- **Material for this exercise**
·····

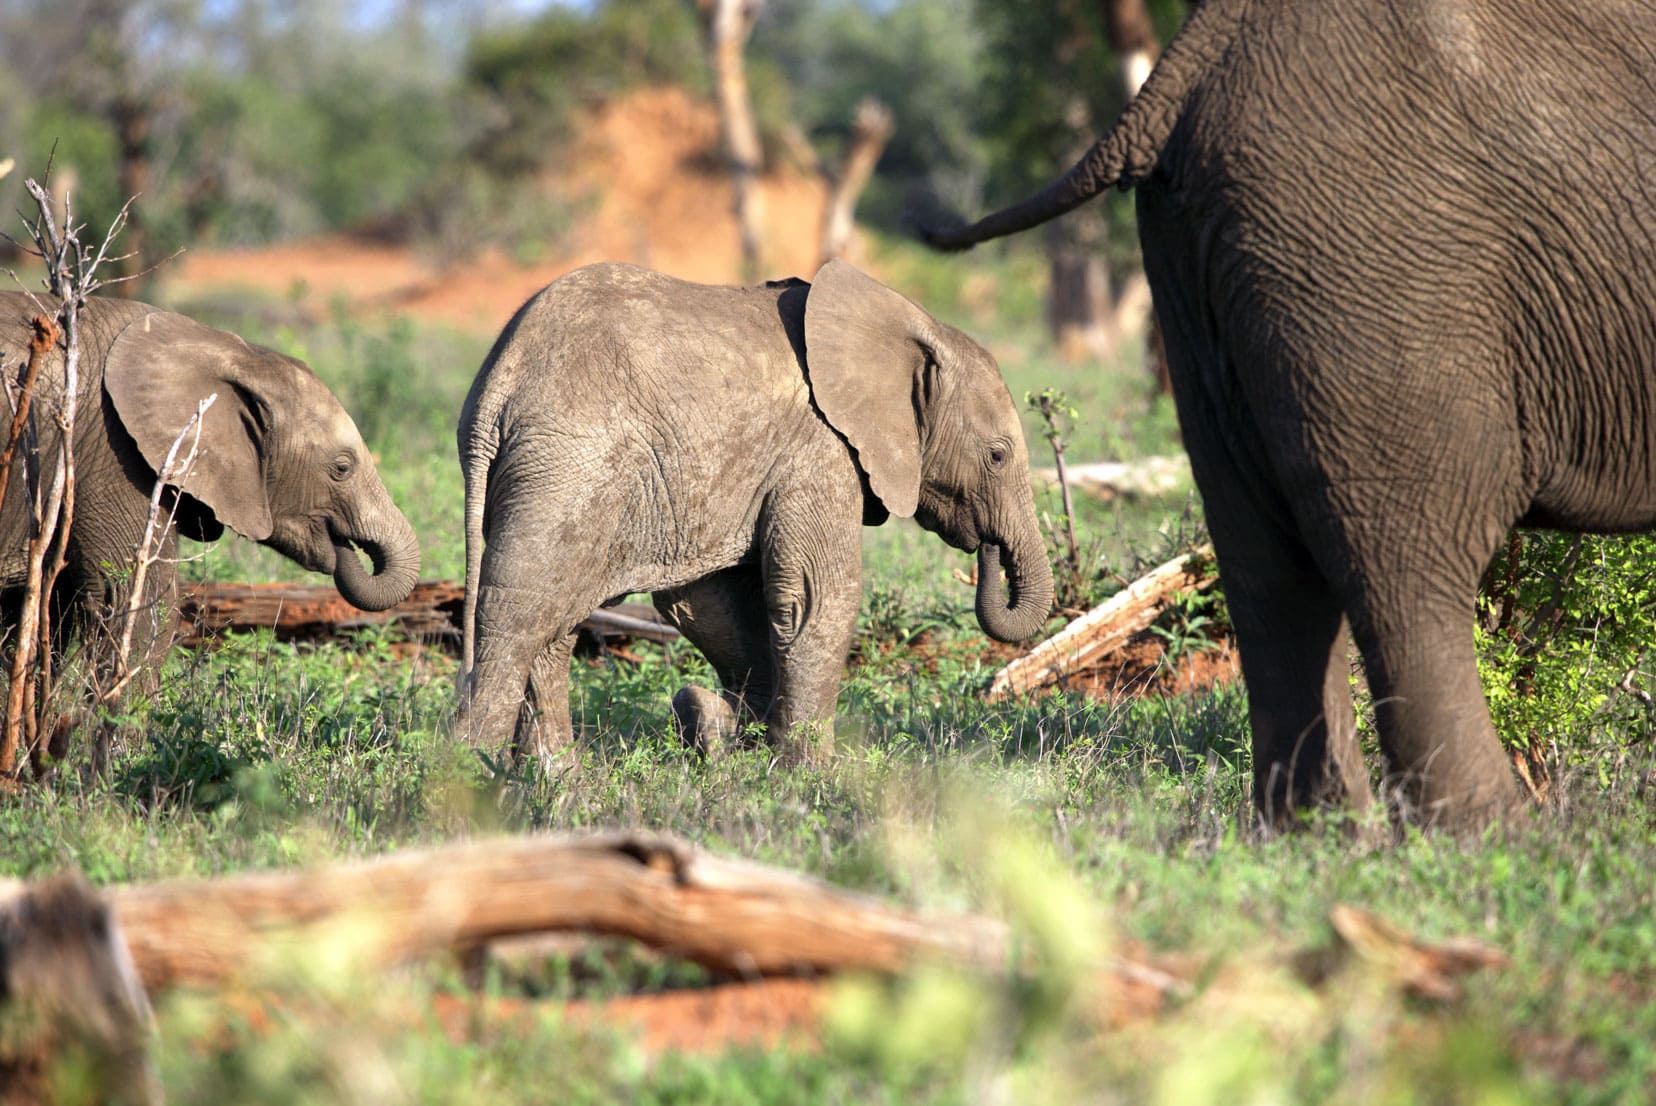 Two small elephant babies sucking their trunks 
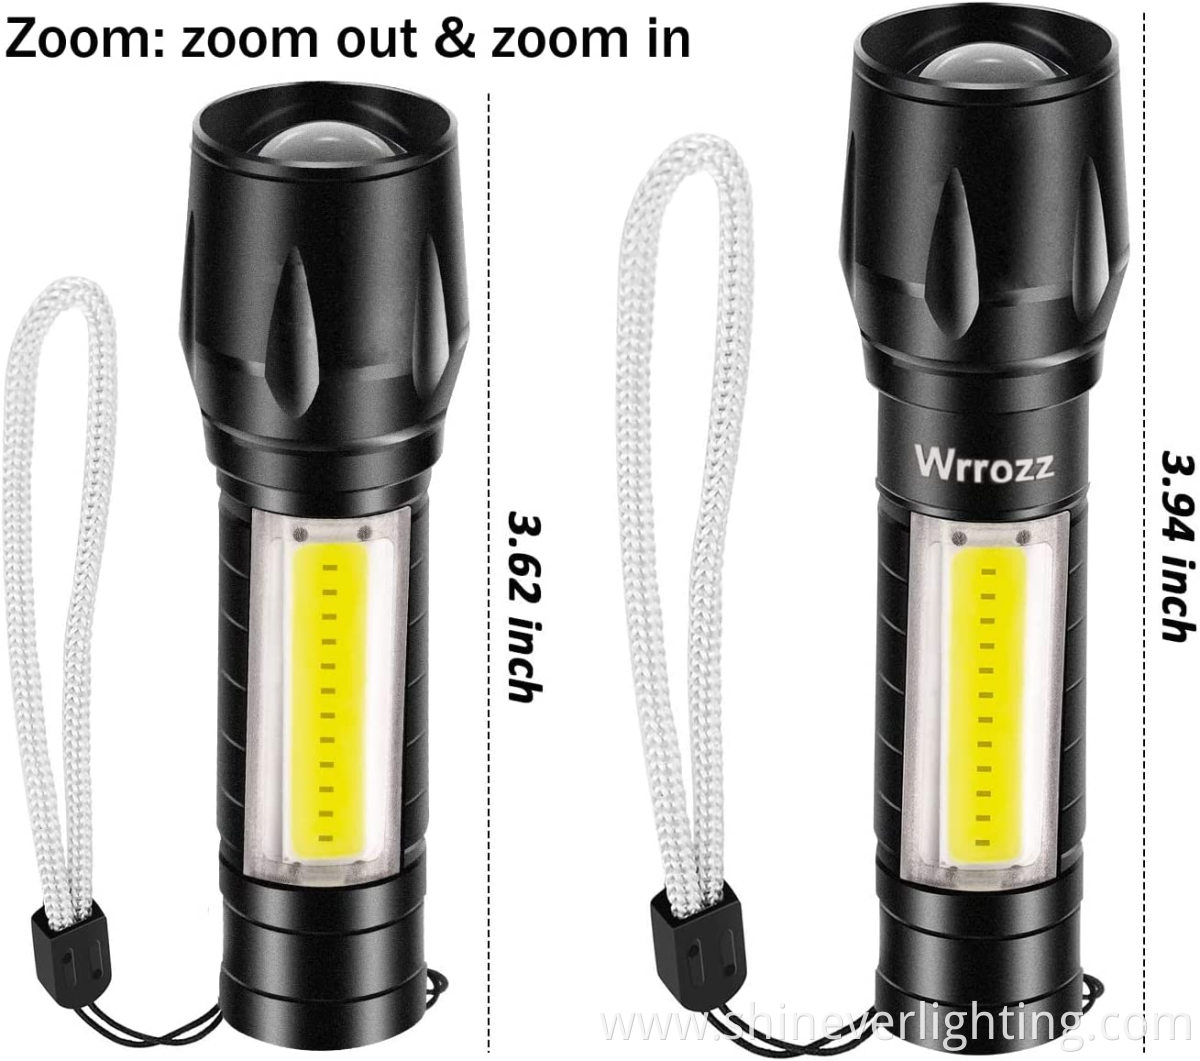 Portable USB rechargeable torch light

·····

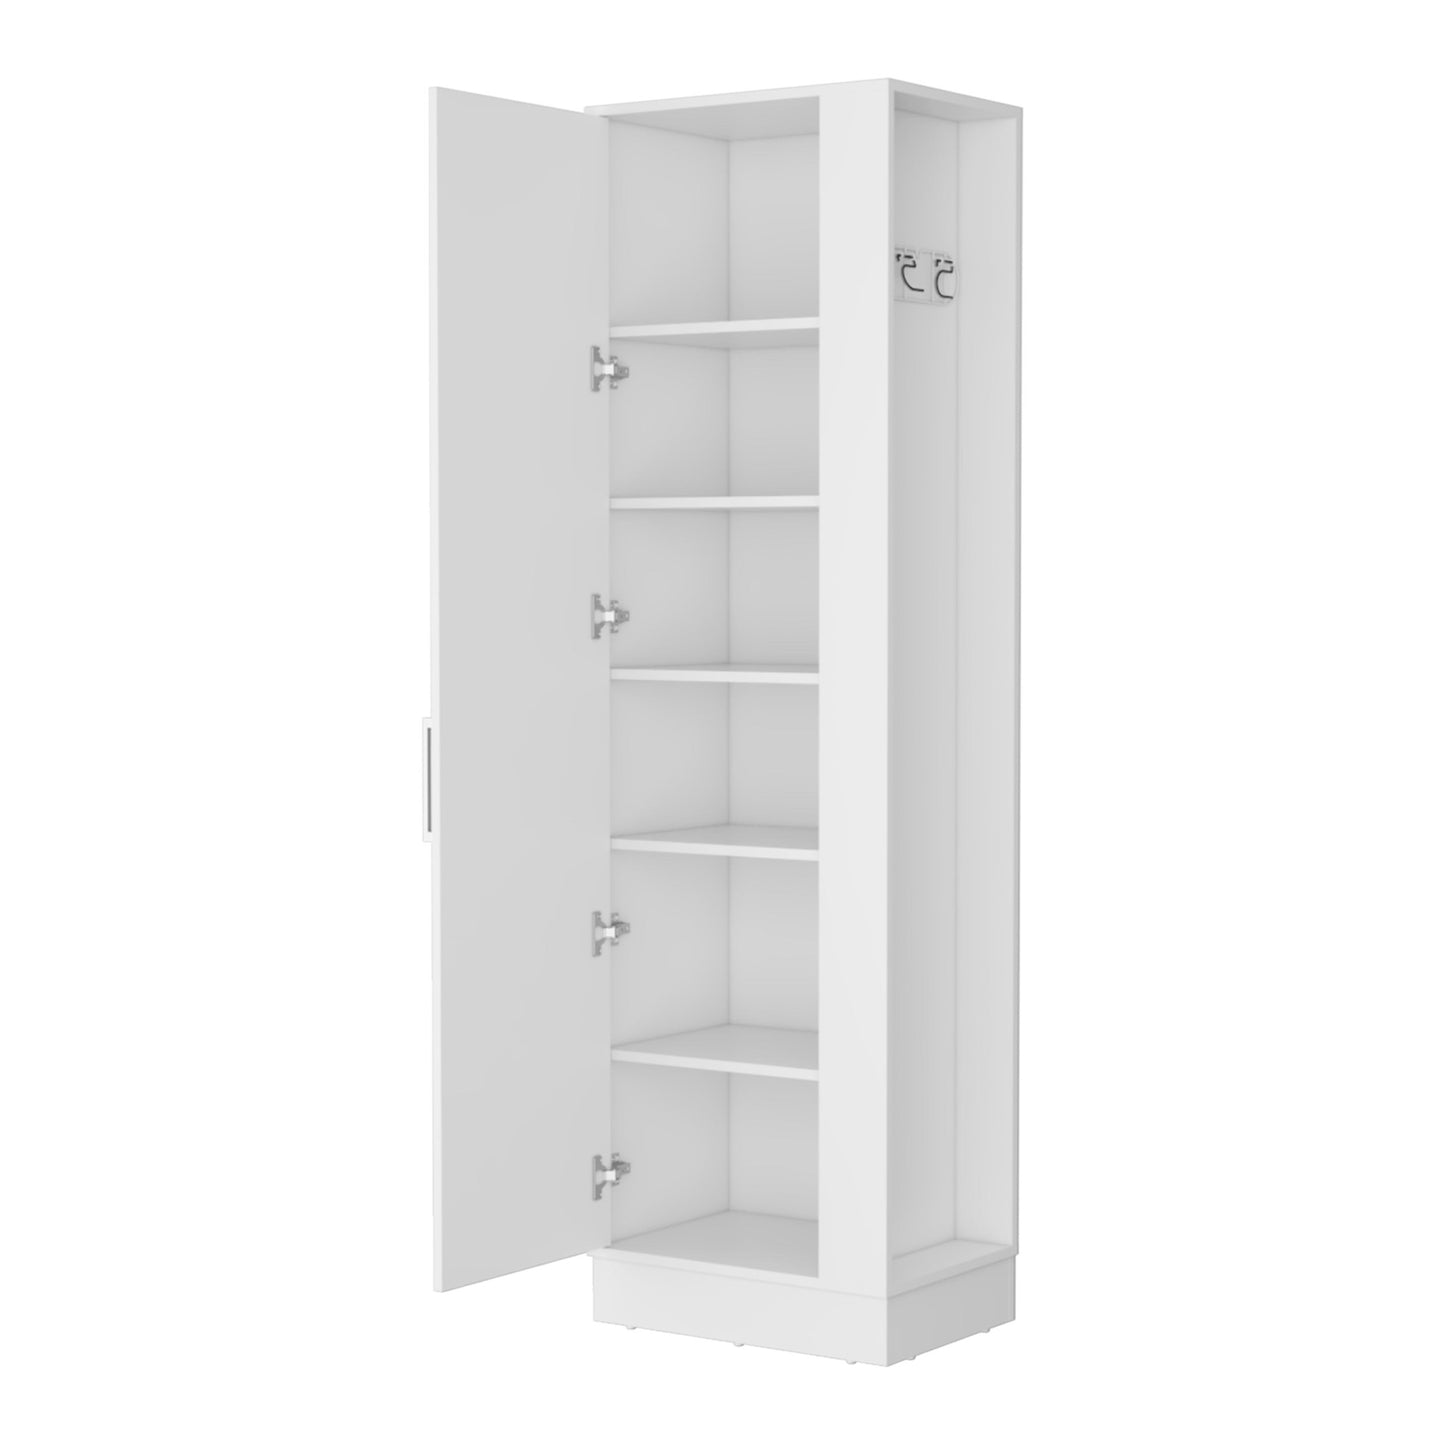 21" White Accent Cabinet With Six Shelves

·····

- **Task directions**
Above is the material; set down exactly its lines from the one containing "Two small elephant" down to the one containing "Portable USB rechargeable torch light", both included, leaving out any pictures.

- **Answer to this exercise**
 Two small elephant babies sucking their trunks 
 Portable USB rechargeable torch light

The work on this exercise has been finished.